• _EXERCISE DIRECTIONS_
Within the material below, transcribe exactly the lines from the one holding "Lunuganga, Sri Lanka.Country" through the one holding "все цены на", keeping both ends and skipping the rest.

(WORKING DATA)

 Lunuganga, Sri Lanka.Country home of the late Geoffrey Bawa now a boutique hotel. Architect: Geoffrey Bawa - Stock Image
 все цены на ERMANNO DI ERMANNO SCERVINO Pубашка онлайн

(End WORKING DATA)
(WORKING DATA)

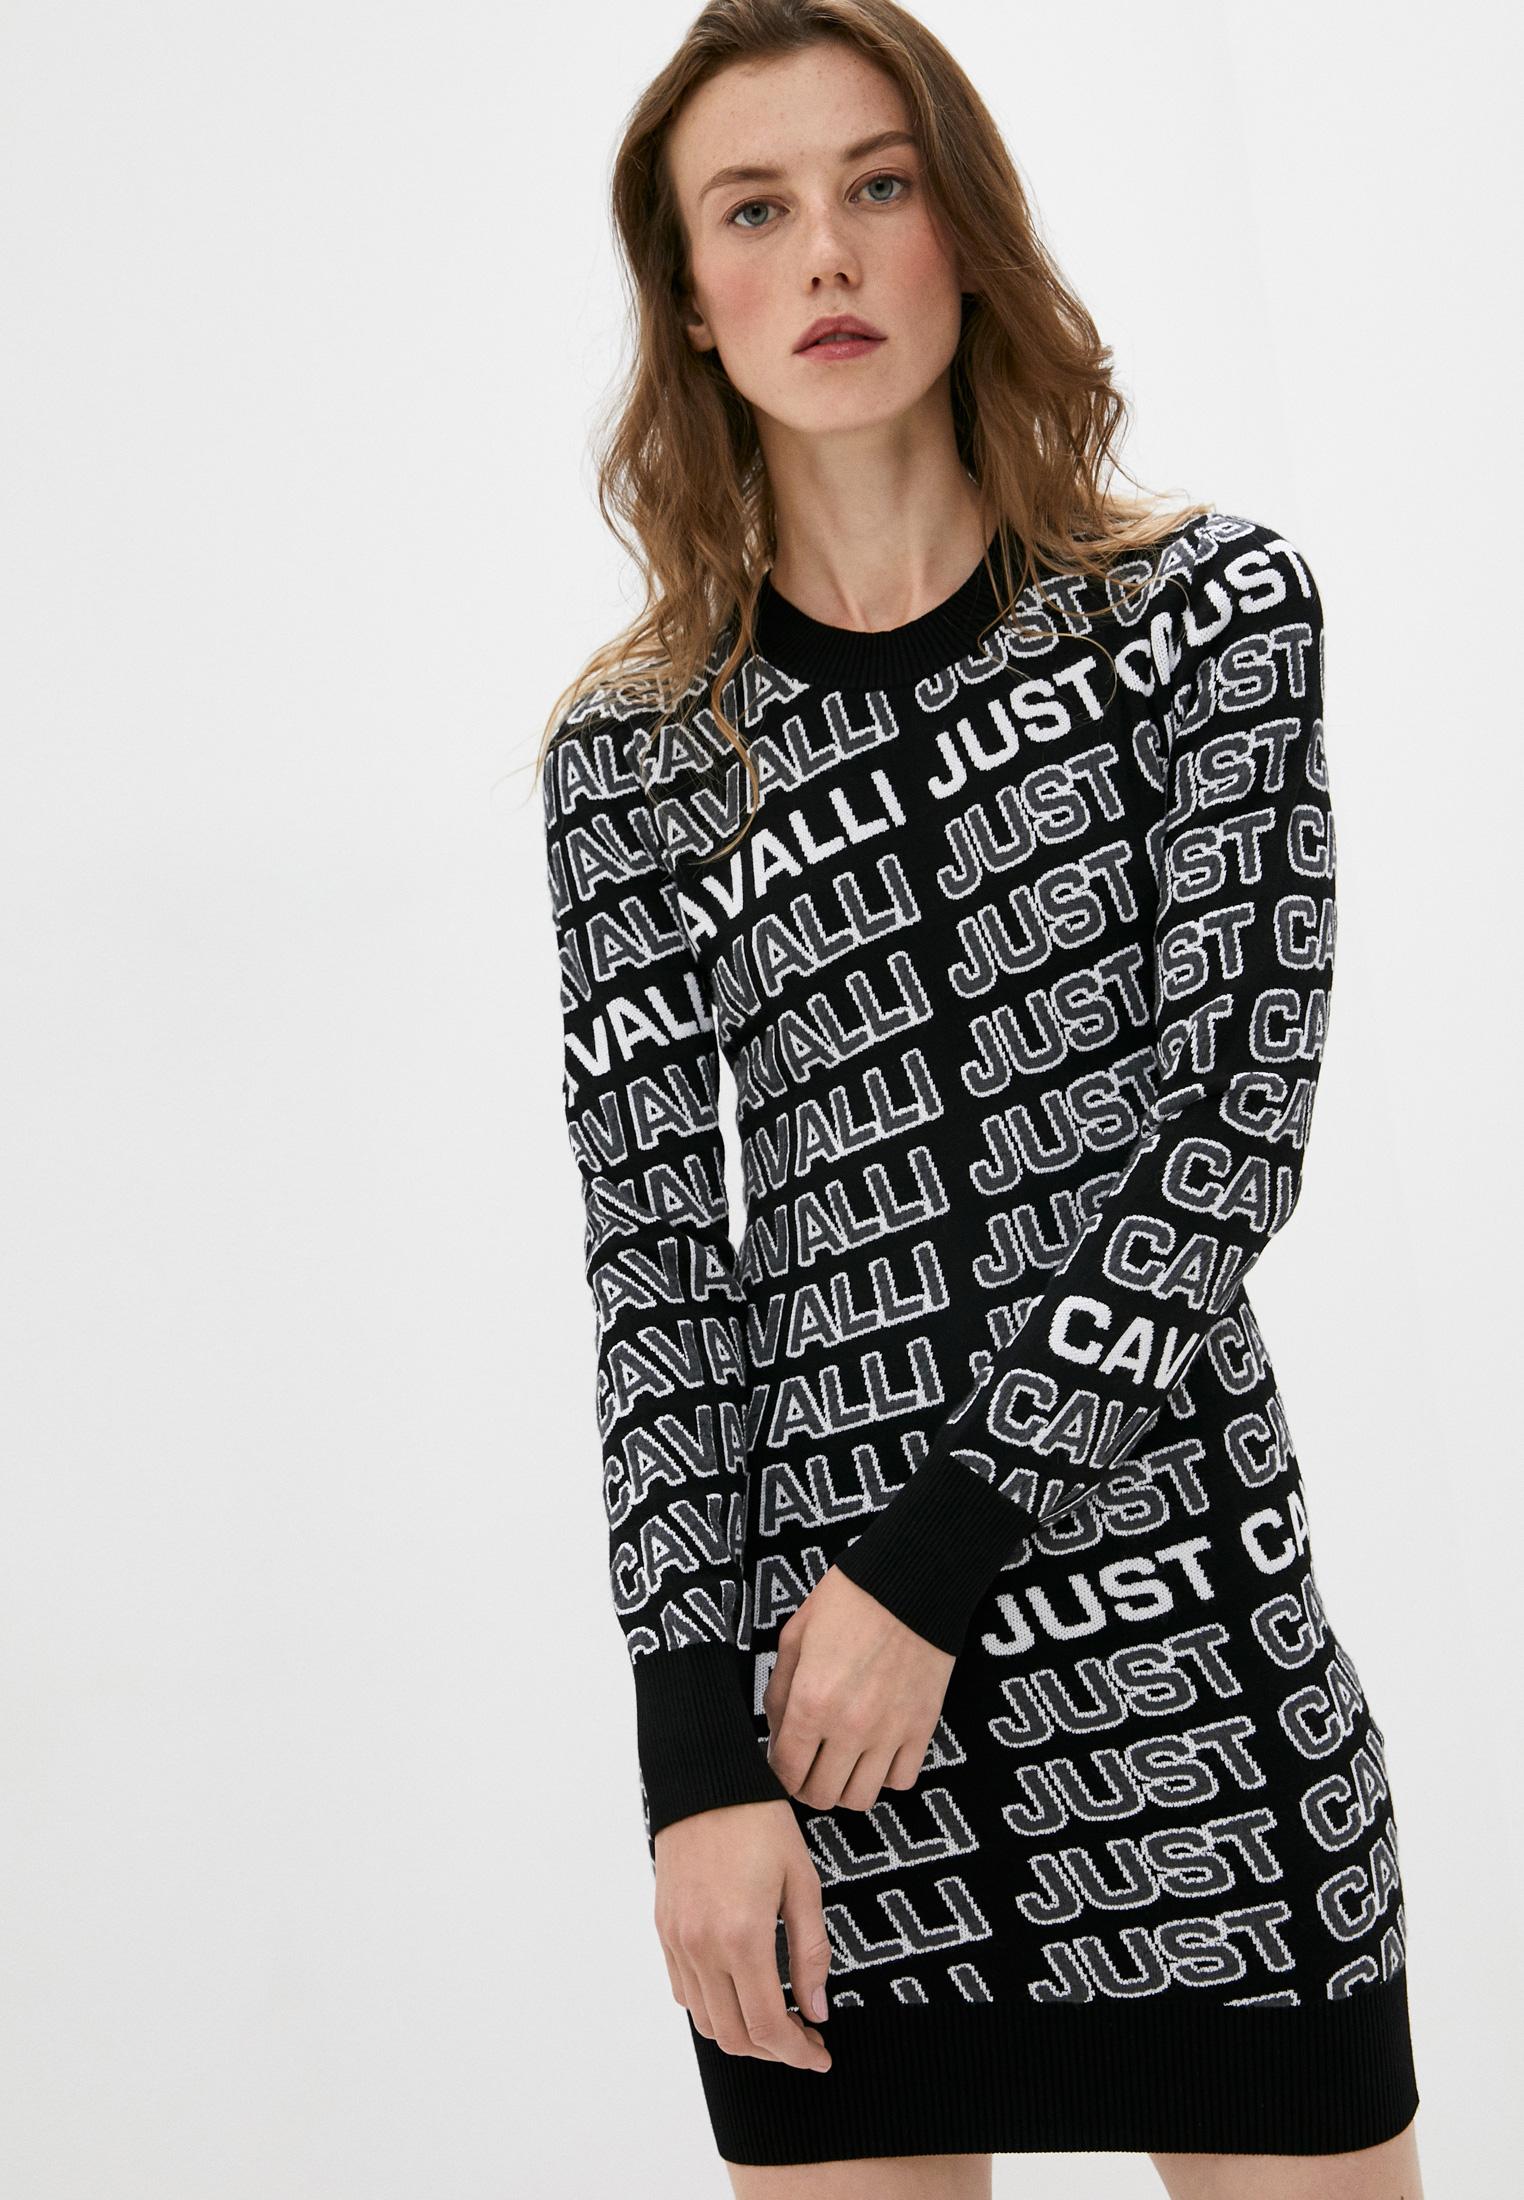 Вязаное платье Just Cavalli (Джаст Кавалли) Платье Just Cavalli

(End WORKING DATA)

• _RESULT FOR THIS EXERCISE_
 Lunuganga, Sri Lanka.Country home of the late Geoffrey Bawa now a boutique hotel. Architect: Geoffrey Bawa - Stock Image
 все цены на ERMANNO DI ERMANNO SCERVINO Pубашка онлайн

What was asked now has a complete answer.